Ticket #868 (closed defect: fixed)

Opened 3 years ago

Last modified 3 years ago

Random whacky behaviour (memory corruption?)

Reported by: dfindlay Owned by: gb
Priority: normal Milestone:
Component: Runtime (threads, GC) Version: 1.6
Keywords: Cc:

Description

On moving a Lisp application to a newer Linux box, we get random, whacky behaviour.
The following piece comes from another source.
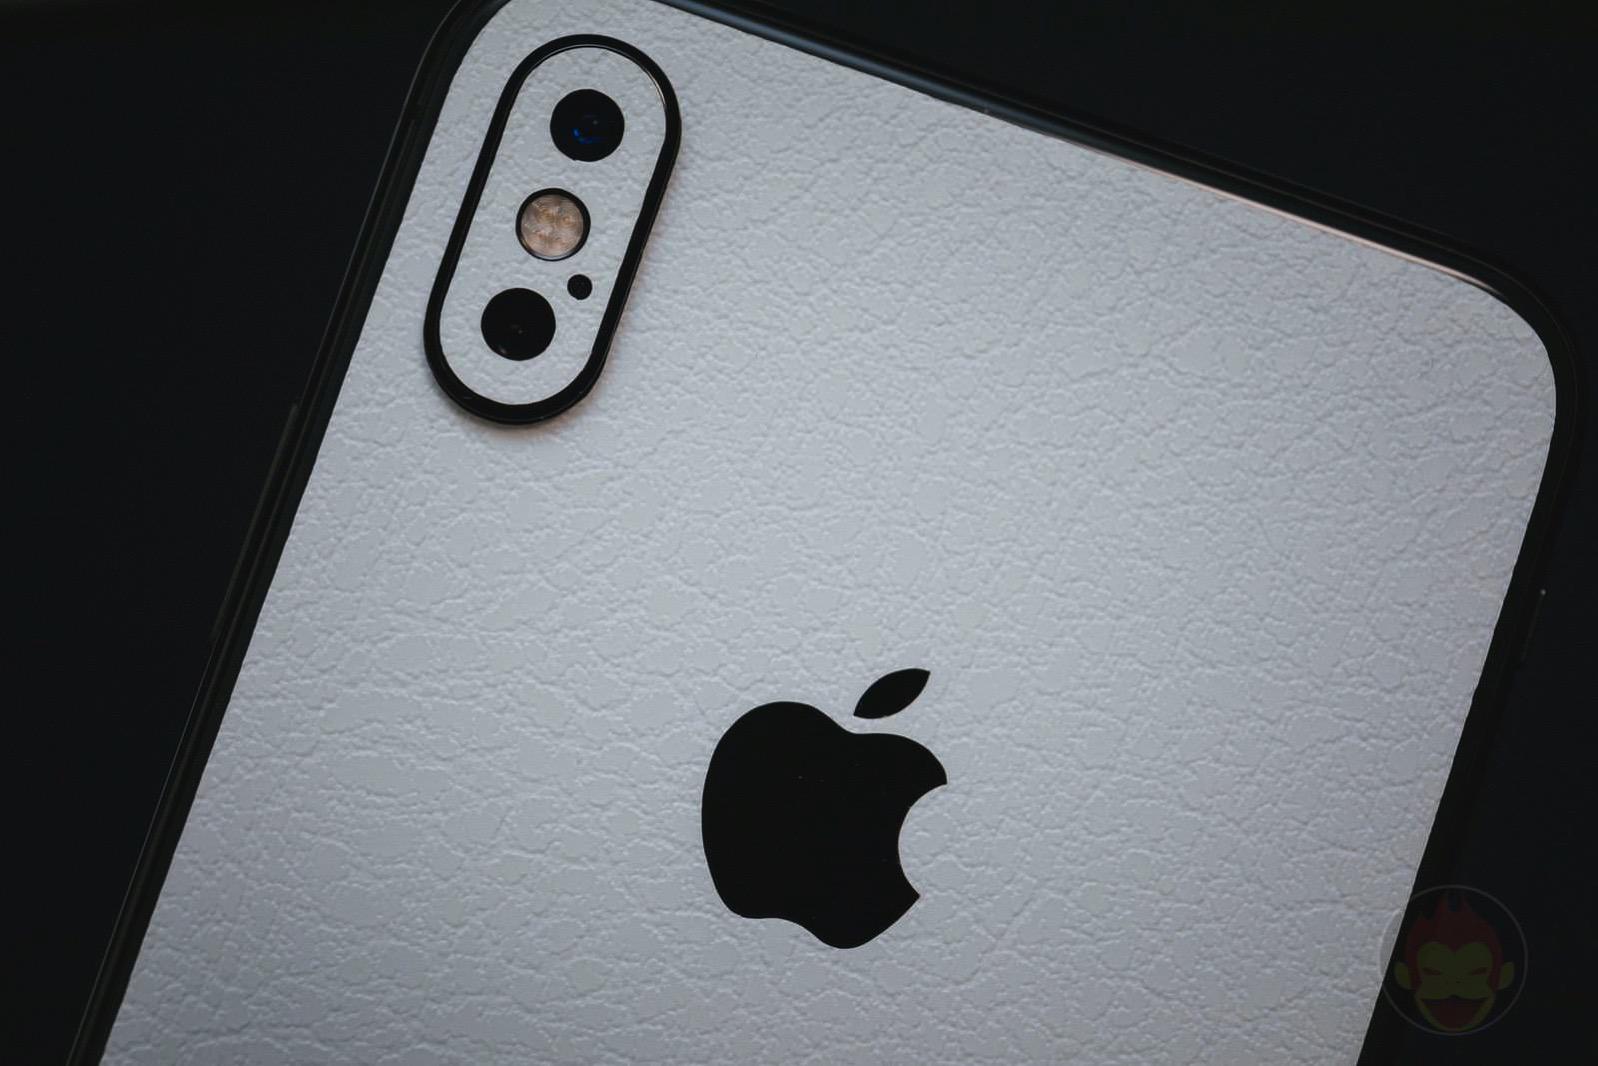 wraplus-white-leather-skin-for-iphonexsmax07.jpg

This is demonstrated by the following file:

=== process-test.lisp ===
(in-package :cl-user)

(defun big-sum (n)
  (let ((total n))
    (dotimes (i n total)
      (incf total i))))

(defun test ()
  (ccl:process-run-function "25" #'big-sum 250000000)
  (ccl:process-run-function "26" #'big-sum 260000000)
  (ccl:process-run-function "27" #'big-sum 270000000)
  (ccl:process-run-function "28" #'big-sum 280000000))

and session transcript:

$ uname -a
Linux startle 2.6.32-30-generic #59-Ubuntu SMP Tue Mar 1 21:30:21 UTC 2011 i686 GNU/Linux
$ ccl
Welcome to Clozure Common Lisp Version 1.6  (LinuxX8632)!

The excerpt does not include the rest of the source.